ARN

9 most important steps for SMBs to defend against ransomware attacks

Here's how small- to medium-sized businesses can effectively protect their networks against the risk of ransomware without breaking their security budgets.

Ransomware is impacting firms around the world. Mandiant has indicated that ransomware is on the rise and doesn’t appear to be slowing down one bit. These are the nine tasks that SMBs should focus on to mitigate risk from ransomware attacks.

1. Have a backup plan and tested recovery process

Some might argue that multi-factor authentication (MFA) is the best way to protect a firm, but I’d argue that having a tested backup and recovery process would be better. 

Too often businesses overlook having a backup and a tested recovery process. Especially for firms with on-premises servers and domain controllers, have a process where someone – in the firm or a consultant or managed service provider -- perform a dry run of an actual recovery process. 

When I’ve done a dry run, I often find that I need to perform some step that I’ve forgotten to restore from a bare metal process. You may find that a HyperV parent needs additional steps or you need to take ownership of the restoration image to fully restore a Hyper V server or virtual machine to full working condition. 

Ensure that you have a recovery script or manual in place so that staff tasked to recover know the steps. The documented steps will help lower the stress of the event.

2. No public-facing remote desktop connections

Do not expose servers to public-facing remote desktop connections. Many ransomware attacks start with attackers either guessing the passwords or finding repositories of administrative passwords left behind in online databases and GitHub repositories. 

We are often our own worst enemies when it comes to credentials, so never use public-facing Remote Desktop Protocol (RDP) in production networks.

3. Limit administrator and domain administrator credentials

Review your network for the use of local administrator credentials as well as domain administrative credentials. I have SMBs too often take the easy road is taken and allow users to be local administrators with no restrictions. Even worse is when a network is set up giving users domain administrator rights.

There is no reason for a network user to have domain administrator roles or rights while they are a user. 

For many years vendors often assigned domain administrative rights because it was an easy fix to get an application to work properly. 

Vendors have moved away from granting administrator rights to requiring installation in the user profile, but I still hear reports of consultants finding networks where the users are domain administrators. On your domain controller, run the command get-adgroupmember "Domain Admins". No user in your organisation should be a domain administrator.

4. Have a policy for confirming financial transactions

To ensure that your organisation won’t be caught by business email compromise (BEC) attacks, ensure that you have an agreed-upon process to handle financial transactions, wires and transfers. 

Never rely upon an email to provide you with the account information for fund transfers. Attackers will often know that you have projects underway and send emails attempting to lure you to transfer funds to an account they own. 

Always confirm with the receiving organization that the account information is correct. If any changes to the process are made, there should be a documented approval process in place to ensure that the change is appropriate.

5. Isolate public-facing servers

For any server that is public facing, consider placing that server in an isolated position or even putting it in a hosted situation. Public-facing web servers should not be able to connect to internal systems if you are an SMB because the resources needed to properly secure and maintain them are often too high. Look for solutions that place limits and divisions between external web resources and internal domain needs.

6. Retire out-of-date servers

Investigate whether you can retire out of date servers. Microsoft recently released a toolkit to allow customers to possibly get rid of the last Exchange Server problem.

For years the only way to properly administer mailboxes in Exchange Online where the domain uses Active Directory (AD) for identity management was to have a running Exchange Server in the environment to perform recipient management activities.

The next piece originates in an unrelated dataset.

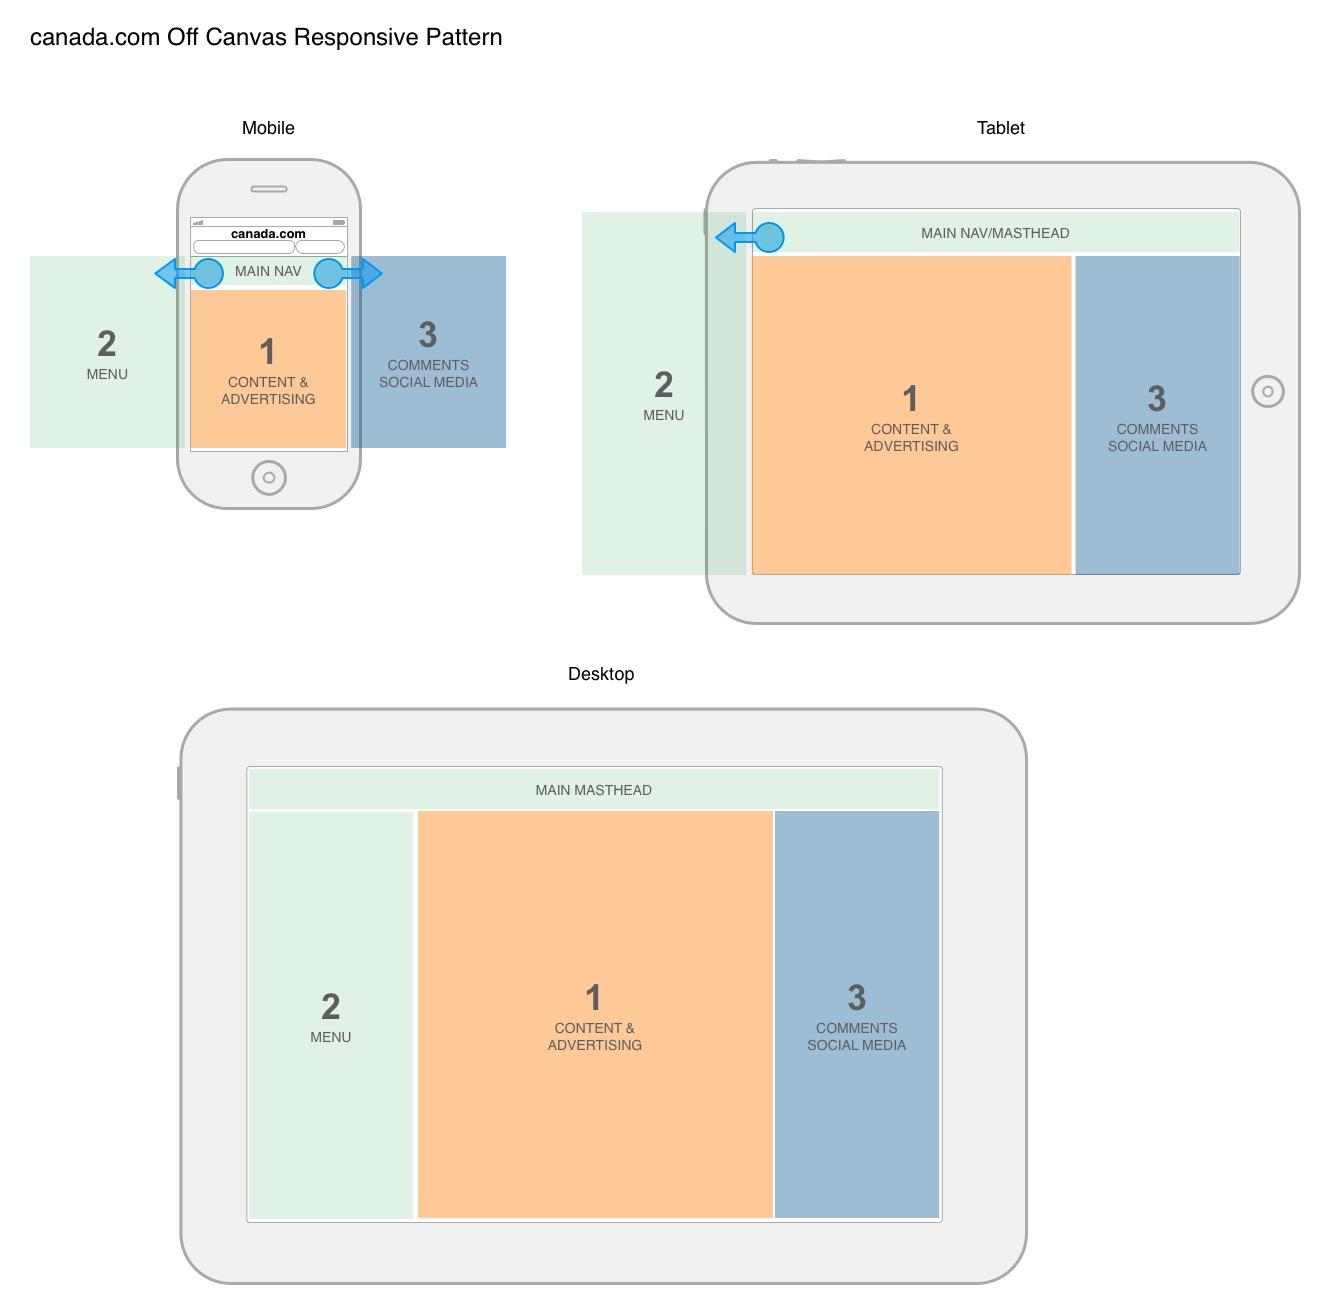 Off-canvas Responsive Framework for canada.com

Exchange Management Tools were released with Exchange Server 2019 CU12 and includes an updated Exchange Management Tools role designed to address the scenario where an Exchange Server is run only because of recipient management requirements. 

The role eliminates the need to have a running Exchange Server for recipient management. In this scenario, you can install the updated tools on a domain-joined workstation, shut down your last Exchange Server, and manage recipients using Windows PowerShell.

7. Review consultant access

Investigate the consultants and their access. Attackers look for the weak link and often that is an outside consultant. Always ensure that their remote access tools are patched and up to date. 

Ensure that they understand that they are often the entry point into a firm and that their actions and weaknesses are introduced into the firm as well. Discuss with your consultants what their processes are.

8. Focus on known exploited vulnerabilities

Focus on the known exploited vulnerabilities. While security consultants urge businesses large and small to turn on automatic updates, small firms often don’t have many resources to test patches. They often hold back to ensure there are no side effects with updates. Monitoring the list in the link allows you to focus on those items that are under active attack.

9. Deploy or update endpoint detection and response

Endpoint detection and response (EDR) is becoming more affordable for SMBs. Microsoft 365 Business premium enabled EDR in the form of Microsoft Defender for Business.